Otoritas Thailand telah menahan istri dan anak-anak seorang komandan tertinggi Tentara Pembebasan Arakan Rohingya atau ARSA. ARSA adalah kelompok pejuang di Rakhine Myanmar.

Hnin Zar Phyu, istri Mayor Jenderal Tun Myat Naing  dan putri mereka Saw Pyae Shun dan putranya berusia 11 bulan, Myat Lin Zan, ditangkap pada Rabu di Chiang Mai, sebuah kota di utara Thailand yang telah lama menjadi tempat perlindungan bagi para pejuang Myanmar, dan didakwa dengan masuk secara ilegal.

Pejabat Thailand telah mengkonfirmasi bahwa Hnin Zar Phyu dan anak-anaknya ditahan di kantor imigrasi di distrik Mae Sai di provinsi Chiang Rai, perbatasan utama yang melintasi perbatasan Thailand dan Myanmar di Thailand utara. Hal ini sebagaimana diungkapkan pejabat imigrasi Thailand, yang tidak ingin disebutkan namanya karena ia tidak berwenang berbicara kepada media, jumat kemarin.

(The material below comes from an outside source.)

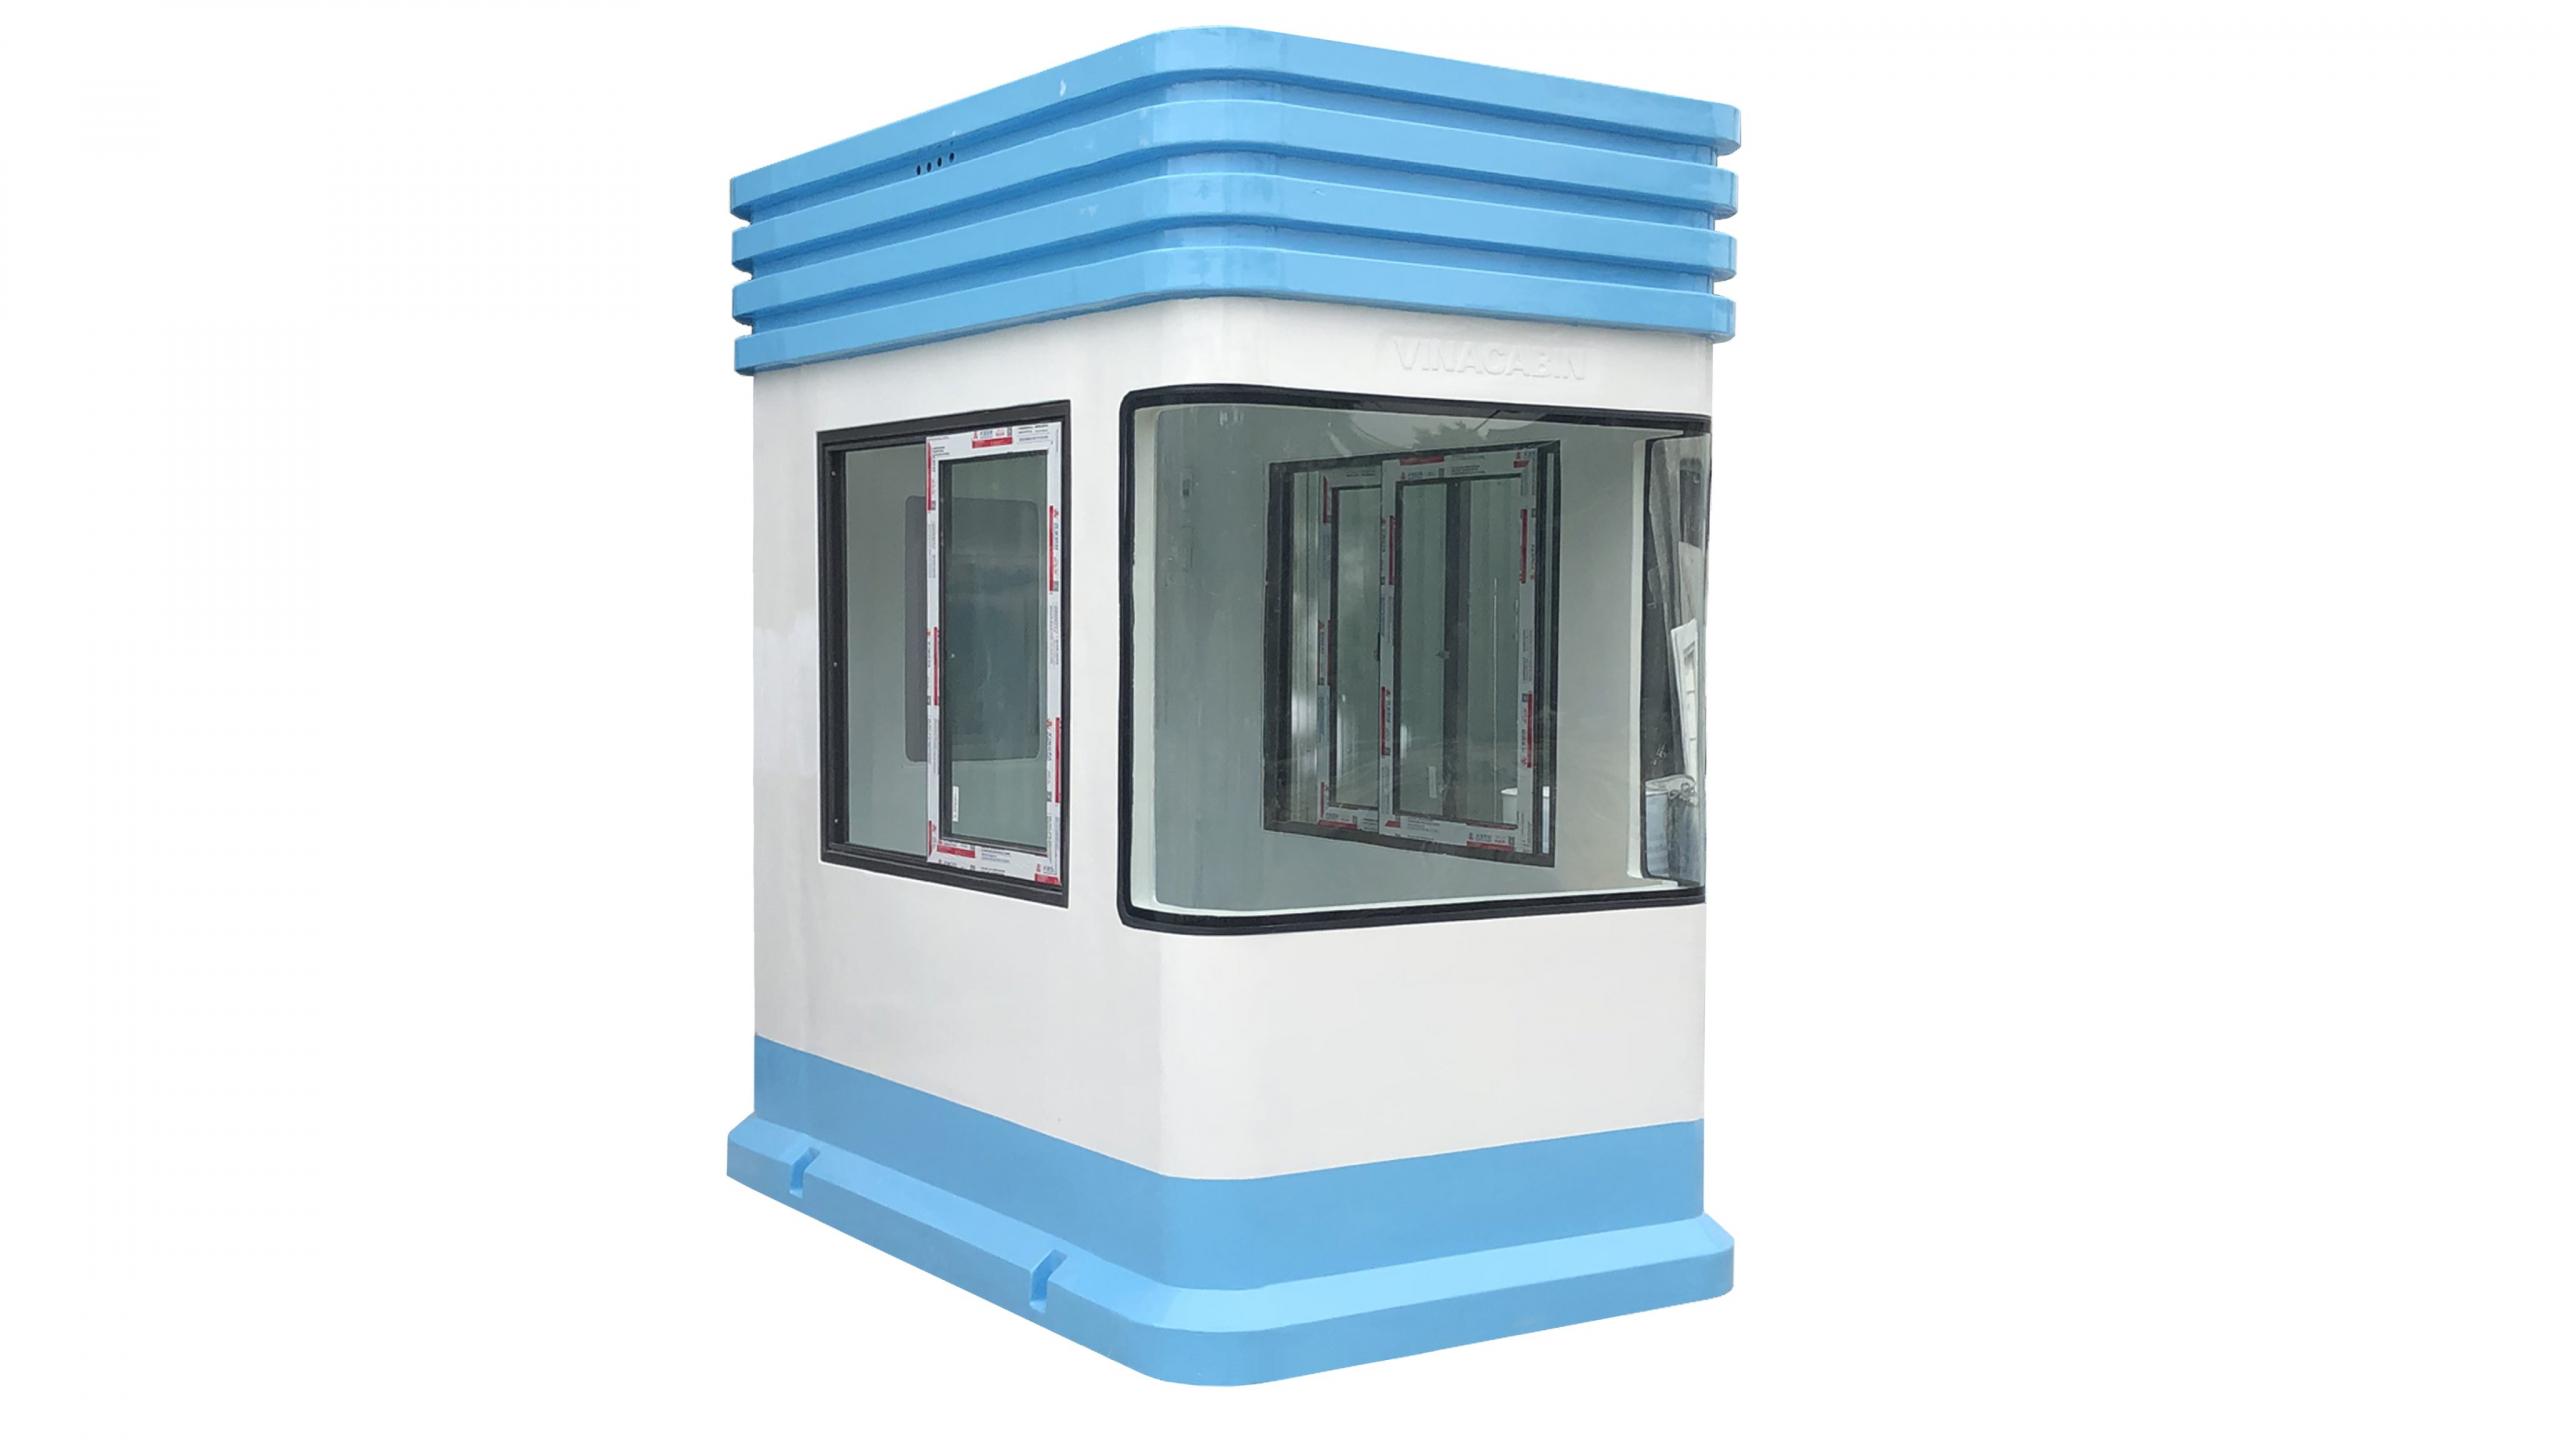 0cefd83a4a55b50bec44 1 scaled - Cabin thu phí giao thông VC1H1400

Mereka  didakwa masuk secara ilegal karena pihak berwenang Myanmar telah mencabut paspor mereka.  Seorang aktivis Rakhine mengatakan bahwa ia sangat prihatin dengan penangkapan Hnin Zar Phyu di Thailand. Menurutnya, Thailand seharusnya tidak menangkap dan mendeportasi mereka ke pihak berwenang Myanmar. Jika hal itu dilakukan, kemungkinan besar korban  akan ditangkap, dipenjara, dan dianiaya di Myanmar. Hal ini diungkap  Nyi Nyi Lwin, kepala Pusat Informasi Arakan.